WLAF
- La Follette, Tennessee; United States;
- Broadcast area: Campbell County, Tennessee
- Frequency: 1450 kHz

Programming
- Language: English
- Format: Southern Gospel

Ownership
- Owner: Stair Company, Inc.

History
- First air date: May 17, 1953
- Call sign meaning: LA Follette

Technical information
- Licensing authority: FCC
- Facility ID: 8493
- Class: C
- Power: 1,000 watts (unlimited)
- Transmitter coordinates: 36°22′52″N 84°07′32″W﻿ / ﻿36.38111°N 84.12556°W
- Translators: 93.9 MHz W230DC (La Follette) W265BQ (100.9 MHz, Lake City)

Links
- Public license information: Public file; LMS;
- Webcast: Listen Live
- Website: http://www.1450wlaf.com/

= WLAF (AM) =

WLAF (1450 AM) is a radio station licensed to serve La Follette, Tennessee, United States. The station, which came on the air on May 17, 1953, is currently owned by Stair Company, Inc. It was the first radio station in Campbell County, Tennessee.

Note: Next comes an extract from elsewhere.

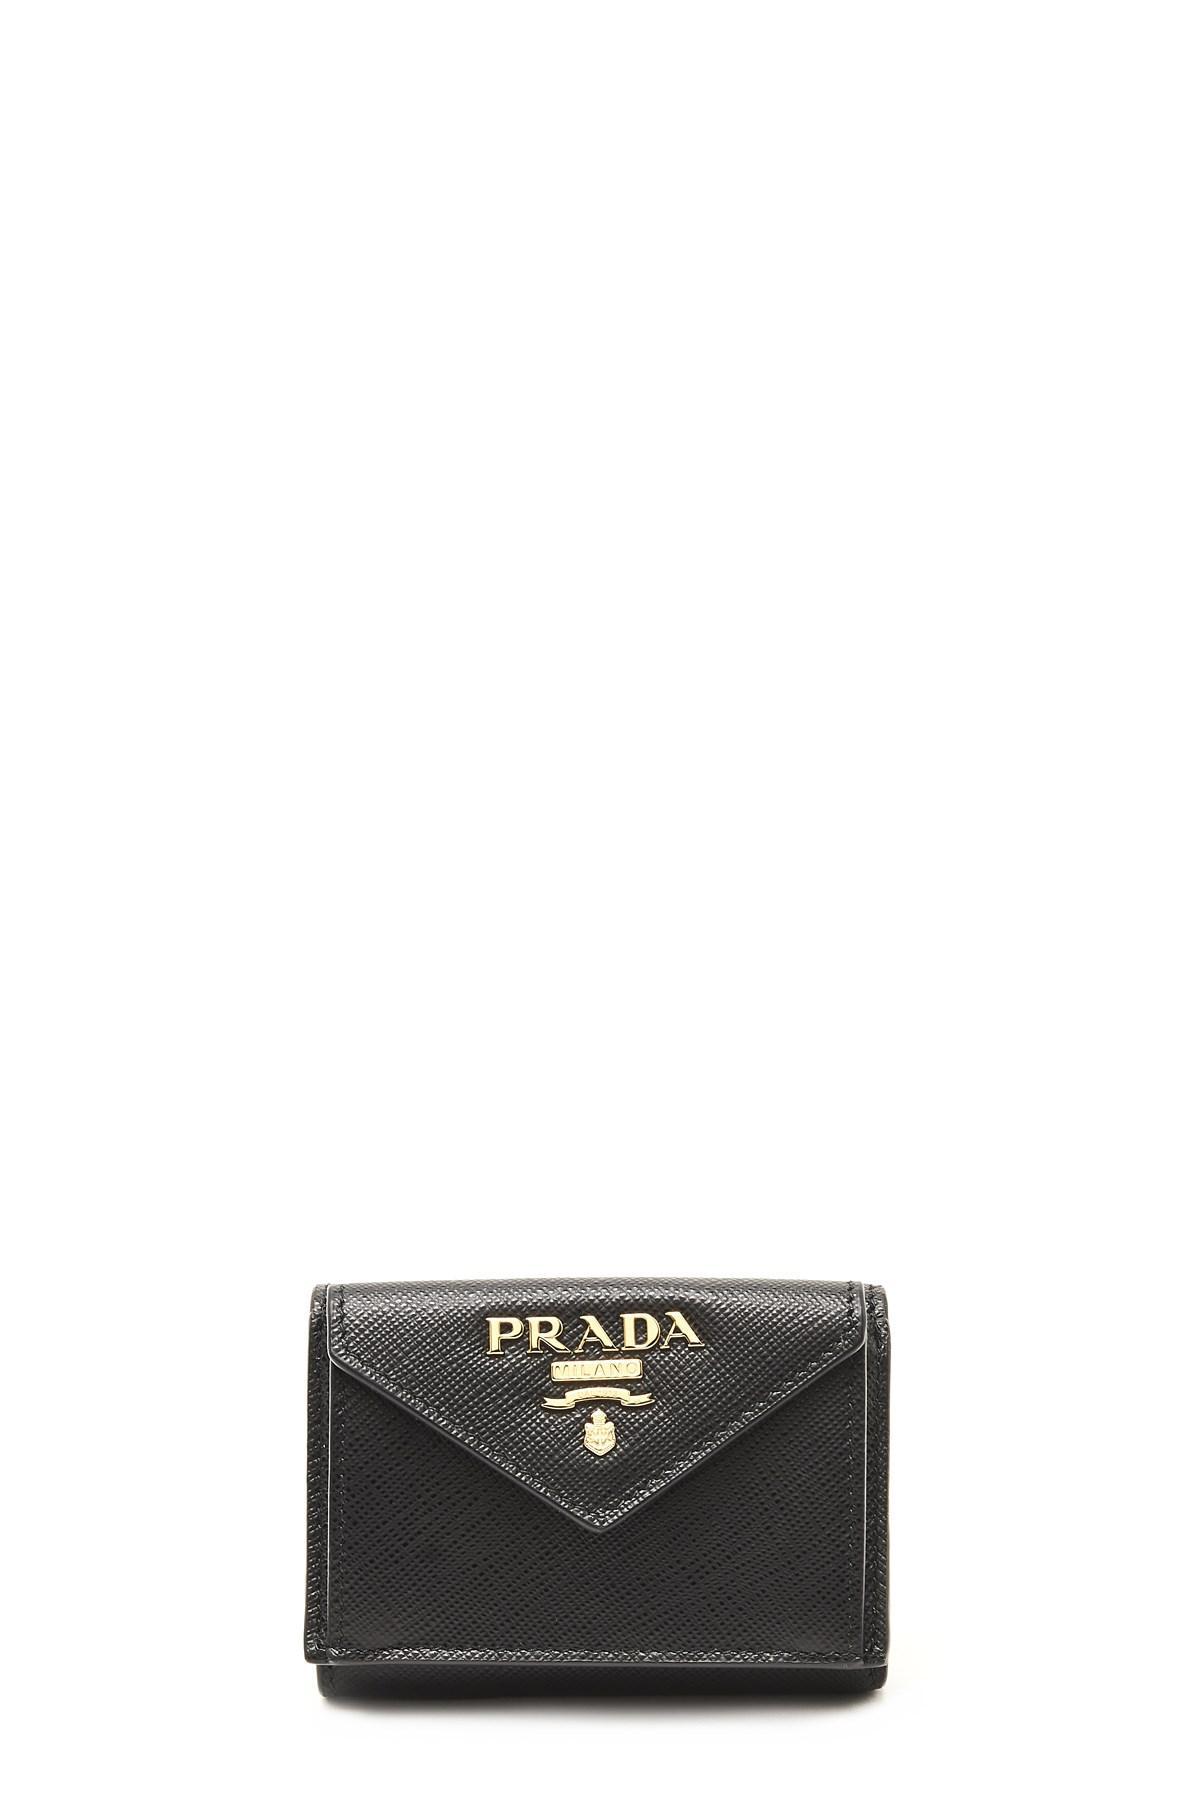 4cd7248e6705 Lyst - Prada Mini Wallet

WLAF broadcasts a format of Southern Gospel music which includes broadcasts from local churches, daily news and information, and local sports for Campbell County.

==History==
The station was assigned the WLAF call sign by the Federal Communications Commission.

When WLAF initiated broadcasting in 1953 its studio was located in central La Follette, in the Fleet Building. The present (2016) studio was constructed in 1966.

The station programs strictly to Campbell County, Tennessee; providing local news, sports, weather, school information, community announcements, public meeting coverage, and news from local churches.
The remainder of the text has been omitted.